Having one breed that supplies that is going to involve keeping a LOT of birds.
You want good layers, for eggs for eating and hatching. Good layers usually aren't that meaty, and they don't go broody.
If you want broody hens to hatch their own eggs, you have a hen out of egg production for about 2 months.
Large, meaty birds don't lay many eggs.
Have you eaten a dual purpose cockerel? They're quite different than a grocery store chicken, both in size and texture.
My advice it to start small, with enough layers for egg production. Plan on 1-2 hens per person, depending on how many eggs you eat. A production bred hen will usually lay 6 eggs per week her first laying year, so that gives you a starting point. If you get pullet chicks this fall, you'll raise them up and have eggs incoming in the spring. At that point you'll have a few months of chicken husbandry under your belt and can add more birds in the spring. Along the way, if you get an Oops cockerel, butcher it and see how you like it. In the spring, you can get some straight run birds and raise the cockerels up and butcher them. Decide who you like, to keep as a breeder. Purchase an incubator and start incubating and hatching eggs. Grow your numbers as your space, time, etc allows. Don't expect to jump right into having a complete self-sustaining flock, it's a process that can take a few years to find the right mix for you.
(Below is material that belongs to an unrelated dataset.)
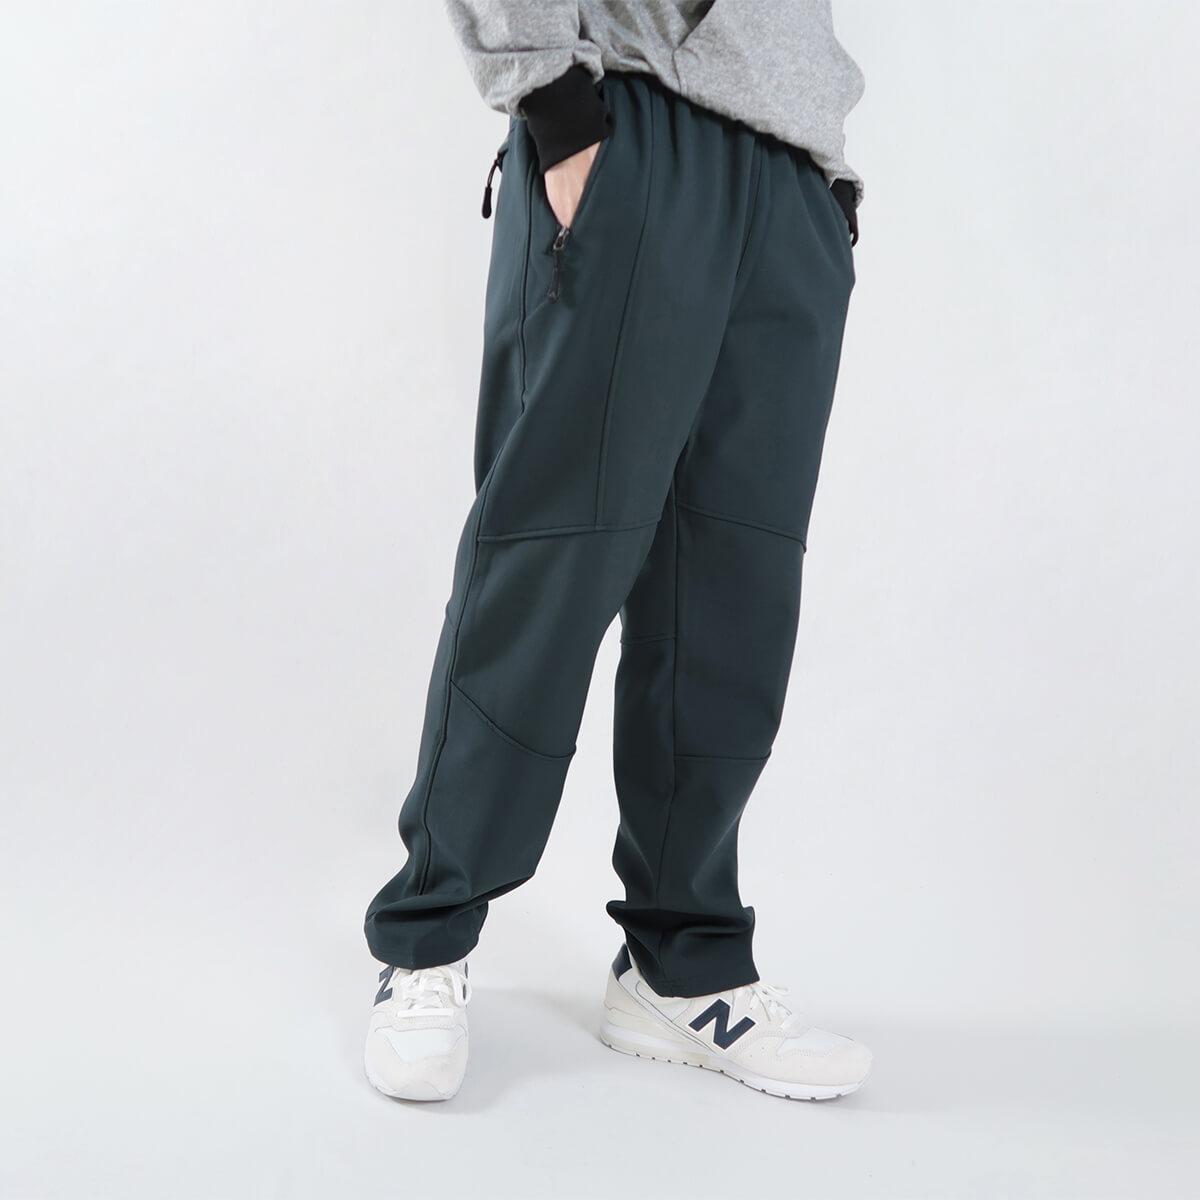 保暖厚刷毛軟殼褲 防風防潑水透氣保暖衝鋒褲 保暖褲 內裡刷毛褲 休閒長褲 黑色長褲 WARM THICK FLEECE LINED SOFTSHELL PANTS OUTDOOR PANTS (321-356-08)深藍色、(321-356-21)黑色、(321-356-22)藍綠色 腰圍M L XL 2L(28~40英吋) [實體店面保障] sun-e 6

another option is to simply raise batches of Cornish cross for the freezer. I don't know how much freezer space you have, but doing 50 of those birds gives you a nice amount of meat. Plus, they're over and done in 8 weeks. Raising dual purpose cockerels for the table, you've got to take them to around 20 weeks for a meal. Some folks butcher as young as 13-14 weeks, but at that age there's very little actual meat for a family meal. You've got to house all those males somewhere, and dual purpose cockerels have pretty poor feed conversion rates compared to meat birds. Free ranging and buying feed in bulk will help, but over time you're going to spend more on them than you would on a batch of CX.